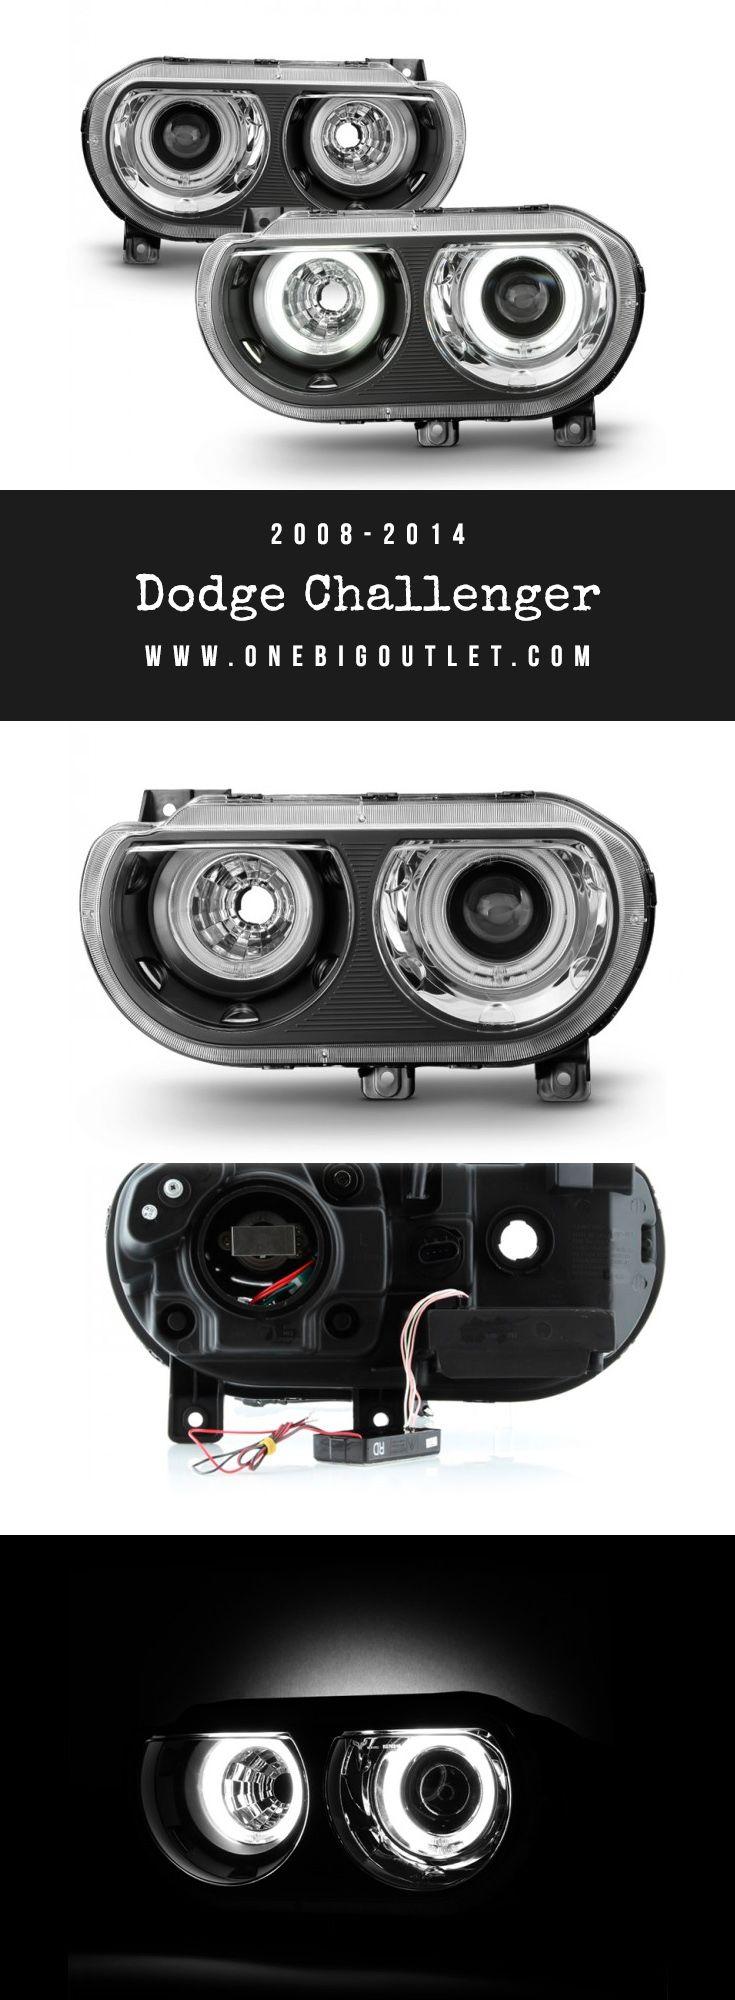 2008 2014 dodge challenger halo projector headlights in black dodge challenger headlights
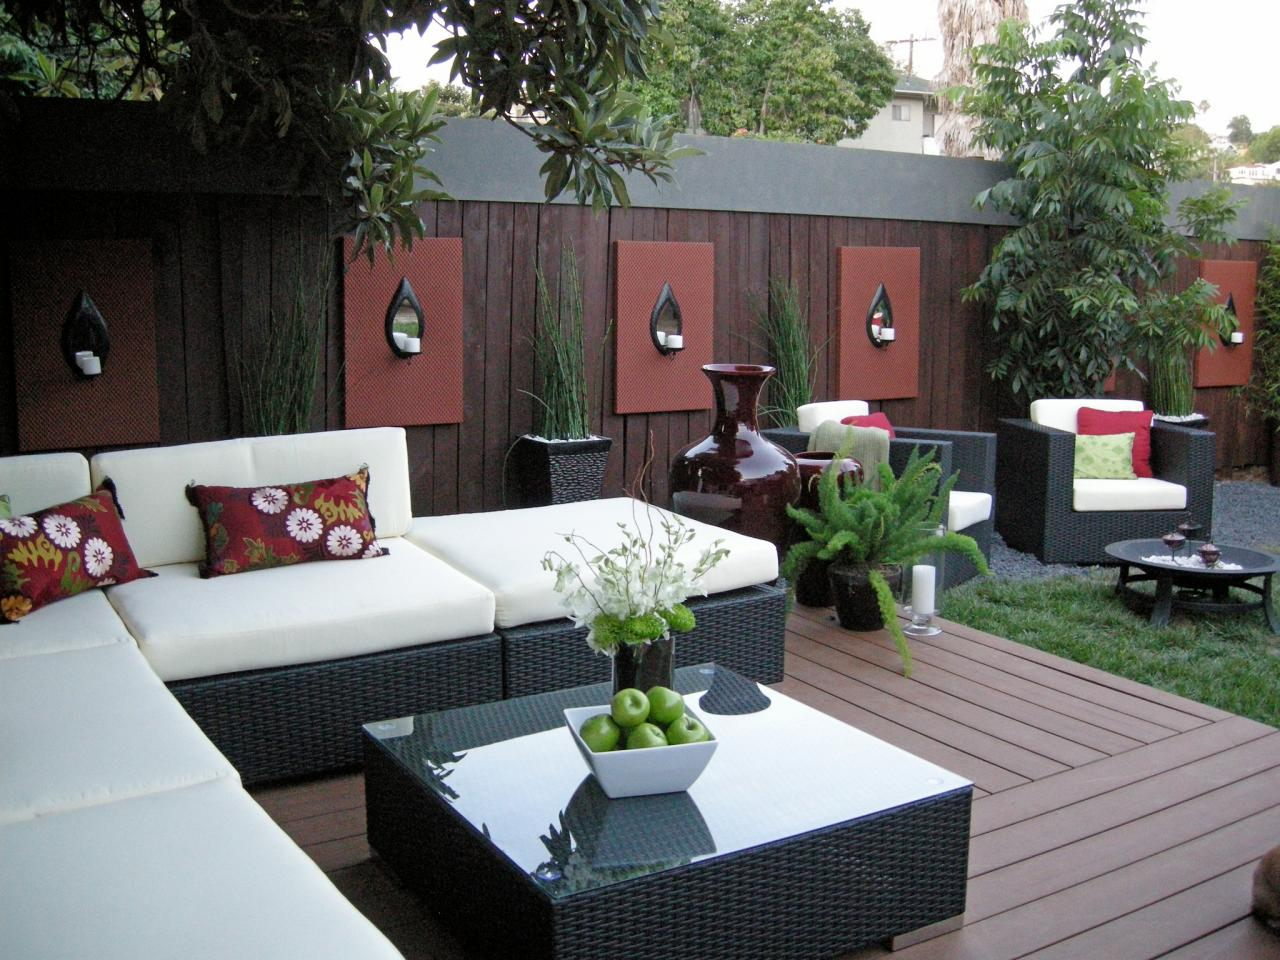 Most Stunning Courtyard Interior Wall Decorating Ideas ... on Backyard Wall Decor Ideas id=32549
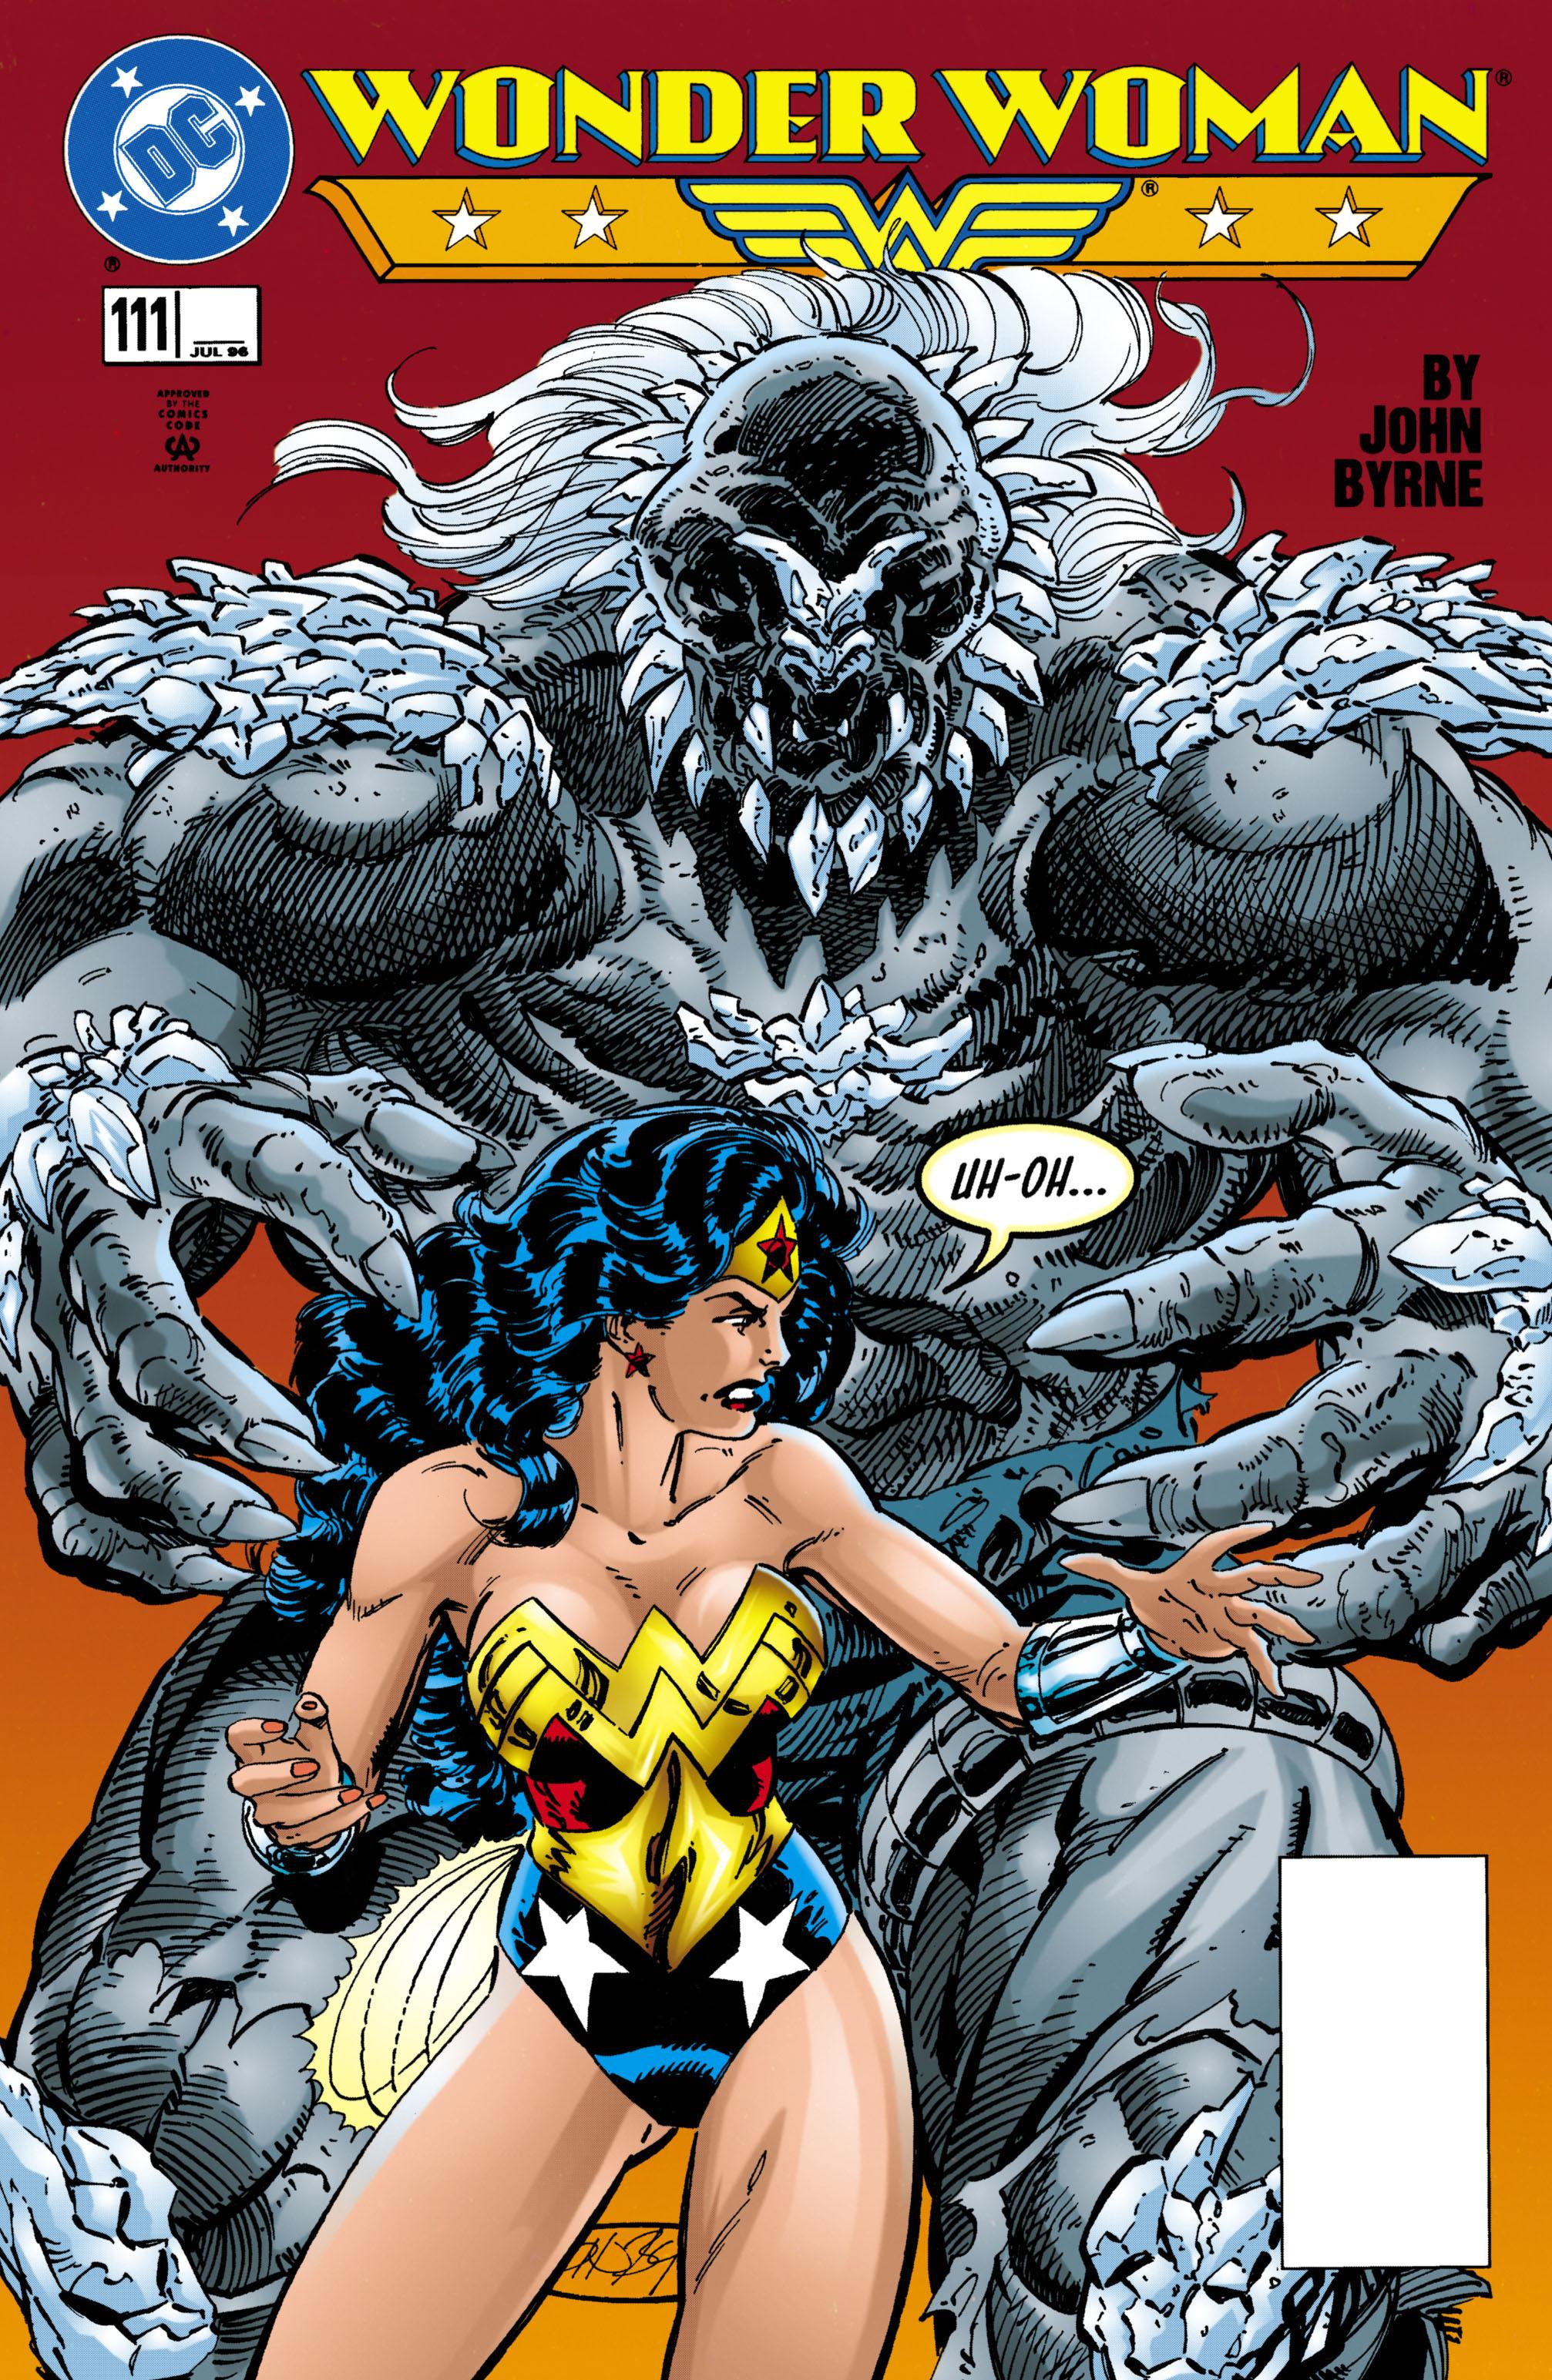 Read online Wonder Woman (1987) comic -  Issue #111 - 1

## What you are asked to do
The response should restate the material above word for word and contain no pictures.

## Expected output
 2008 2014 dodge challenger halo projector headlights in black dodge challenger headlights
 Most Stunning Courtyard Interior Wall Decorating Ideas ... on Backyard Wall Decor Ideas id=32549
 Read online Wonder Woman (1987) comic -  Issue #111 - 1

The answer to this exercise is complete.